Just before the end of the last millennium, on 30 December 1999, the FTSE 100 (Footsie) closed a shortened day’s trading at 6,930.2. Thoughts were more on partying at the time and the new high for the index went largely unnoticed. Most of the month had been spent in new high territory, driven by the technology boom.

With the new millennium, the index began to fall, finally reaching a bottom of 3,287 on 12 March 2003 as the Second Gulf War got underway. It took until 24 February 2015 for the Footsie to break through its 1999 high, although it had been threatening to do so on and off since May 2013.

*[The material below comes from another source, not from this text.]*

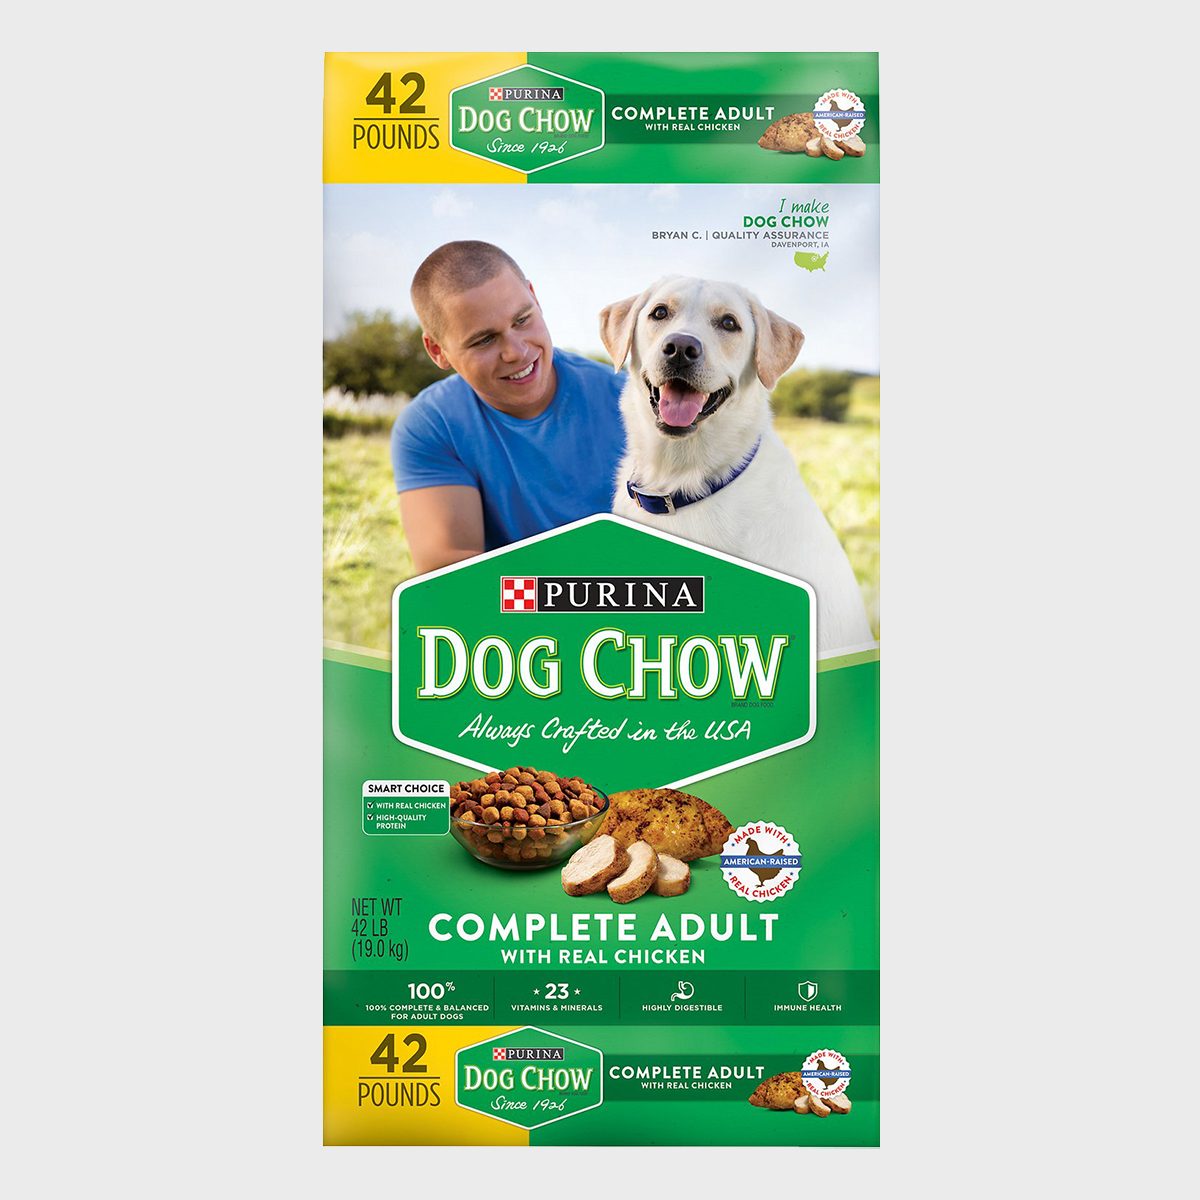 <p>You only want to give your pup the best, but it would be nice if the best didn't break the bank. The good news: It doesn't have to. According to Dr. Navratik, Purina Dog Chow is the way to go—and at just $24.99 for a 42-pound bag, we can totally see why. With real chicken and 23 vitamins and minerals, it provides adult dogs with a complete, balanced diet at just a fraction of the cost of other dry large breed dog foods. Tempted to feed your pup some table food? These are the <a href="https://www.rd.com/article/vegetables-fruits-dogs-can-cant-eat/">fruits and vegetables dogs can (and can't) eat</a>.</p> <p><strong>Highlights:</strong></p> <ul> <li>Wallet-friendly</li> <li>Contains 23 vitamins and minerals, including biotin</li> <li>Helps to clean your dog's teeth</li> </ul> <p class="listicle-page__cta-button-shop"><a class="shop-btn" href="https://www.chewy.com/dog-chow-complete-adult-real-chicken/dp/127736">Shop Now</a></p>

The fact that more than 15 years has elapsed between peaks has prompted more than a few uninformed comments about what a poor investment UK equities have been in the 21st century. There are a variety of points worth noting when such comments are made:

  • The FTSE 100 index measures capital values, not total investment returns. If allowance is made for reinvested dividends the end-1999 investor in the index would now be showing an overall return of just above 67%. And remember, all those dividends would have been paid net of basic rate tax. Expressed as an annual overall return, the millennial investor would have achieved 3.4%.
  • Inflation between December 1999 and January 2015 (the latest data available) averaged 2.8% based on the RPI basis and 2.1% if the CPI is the yardstick. On either inflation measure, the Footsie with reinvested dividends produced a real return.
  • According to the latest Barclays Capital Equity Gilt Study, the average annual return from building society investment since the end of 1999 would be 1.9%, allowing for basic rate tax on interest. Barclays’ data show that gross annual interest rates have been 0.25% or less since 2009, which is what brings down the 15 year return to a sub-inflation level.
  • If you look at dividends in isolation, then the yield on the FTSE 100 has risen from 2.04% at the end of 1999 to 3.40% now. That is a 67% increase, which given the index value is virtually the same, equates to a 67% rise in income, once more bettering inflation. Again using Barclays’ figures, net interest from a building society account has fallen from 4.29% in calendar 2000 to 0.20% in calendar 2014.
  • The FTSE 100 may be the most commonly quoted of the UK stock market indices, but it is not the professional’s choice as it only covers the 100 largest listed companies – about 80% of the market. The professional’s index, the FTSE Actuaries All-Share Index, currently covers 640 companies, most of which are more UK-oriented than the Footsie’s constituents. The All-Share broke through its end-1999 peak in 2007 and its total return in this millennium (with dividends reinvested) is just shy of 90% – equivalent to 4.3% a year.

COMMENT

The performance of the Footsie is another example of the importance of reinvesting dividend income, rather than ignoring it.